In a video group reconstruction / summarization method that reconstructs a video group composed of videos with text data with a time interval and summarizes the video,
By computer
A segment initialization step of reading the text data with time interval from the data storage means and dividing the text data into one or more segments along the time axis;
A topic assignment / segment update step that repeats a process of assigning topics according to keywords in each segment to each segment, and a process of combining temporally adjacent segments based on the similarity of the topics;
A segment group clustering step of clustering each repeated segment for each topic assigned to the segment;
An important video segment extraction step of extracting an important video segment from video segments corresponding to segments in the clustered topic based on the importance of the keyword with respect to the topic;
A video output step of outputting video based on at least one of the video section of each cluster and the important video section of each cluster;
A video group reconstruction / summarization method characterized by comprising:

The topic assignment / segment update step includes:
Segment feature amount calculation processing for calculating the feature amount of the segment based on the frequency of use of the keyword included in the segment, topic assignment processing for assigning a topic vector based on the feature amount to the segment, and calculation using the topic vector 6. The video group reconstruction / summarization according to claim 5, wherein when the similarity between the determined segments is equal to or greater than a threshold value, the segment combination processing for combining the adjacent segments is repeated until a predetermined end condition is satisfied. Method.

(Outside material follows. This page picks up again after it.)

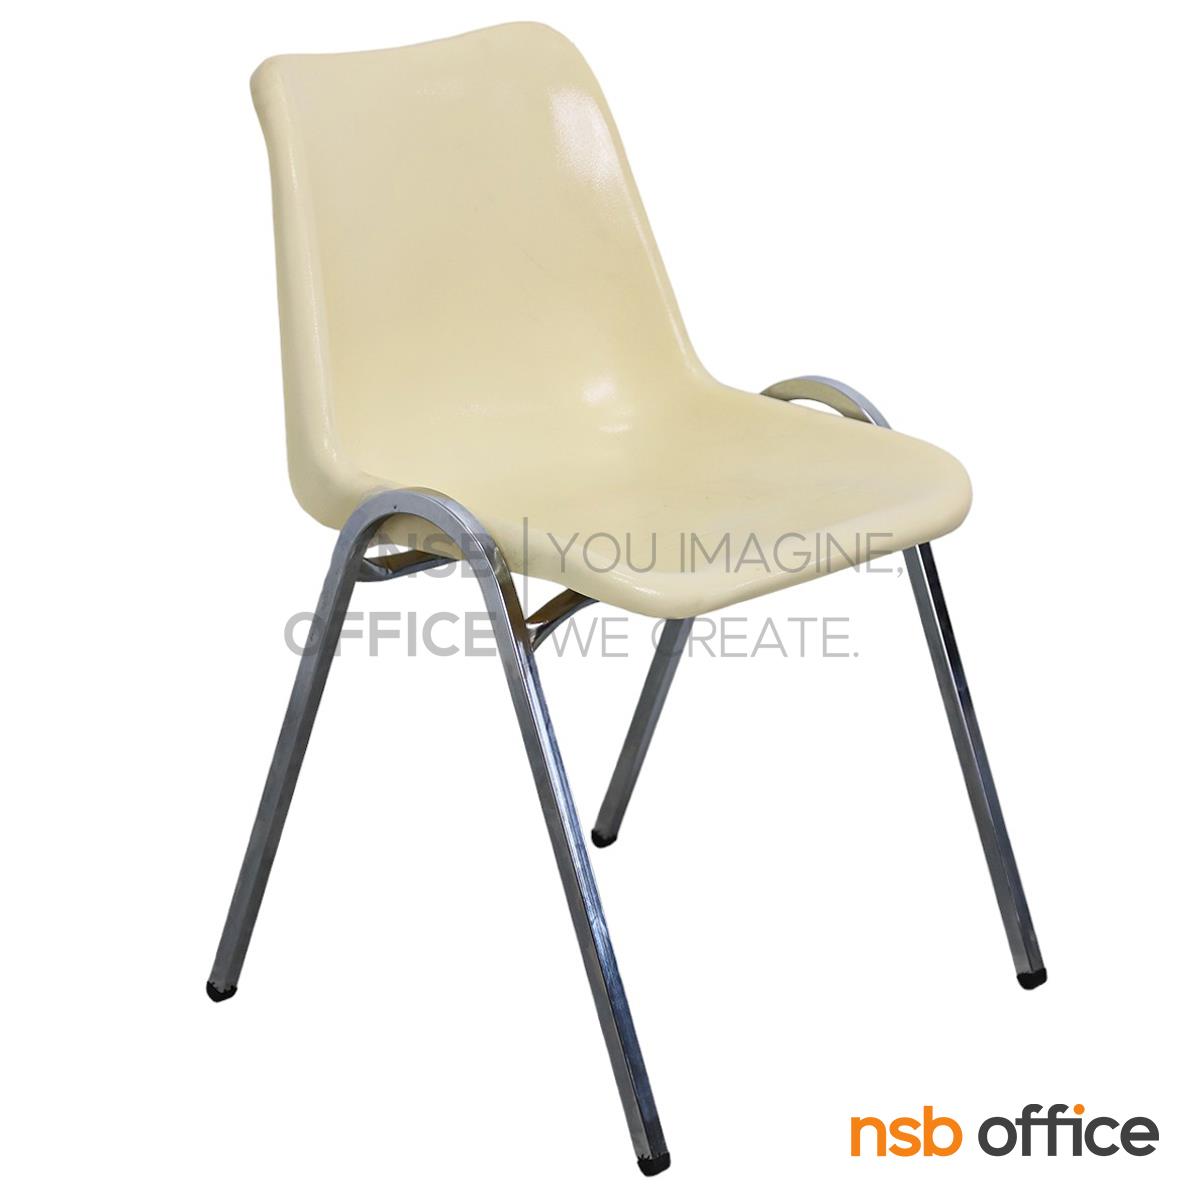 B05A204:เก้าอี้อเนกประสงค์เฟรมโพลี่ รุ่น Folke (โฟล์ก)  ขาเหล็กชุบโครเมี่ยม

The segment initialization step includes:
7. The video group reconstruction / construction according to claim 5 or 6, wherein the information data per segment is larger than a threshold value, and the text data with a time interval is divided so that one segment does not span a plurality of topics. Summarization method.

The topic assignment / segment update step includes:
The video group reconstruction / summarization method according to claim 6, wherein the segment feature value calculation process is further performed using the feature values of the preceding and / or following segments in terms of time.

9. A video group reconstruction / summarization program that causes a computer to execute the video group reconstruction / summarization method according to claim 5.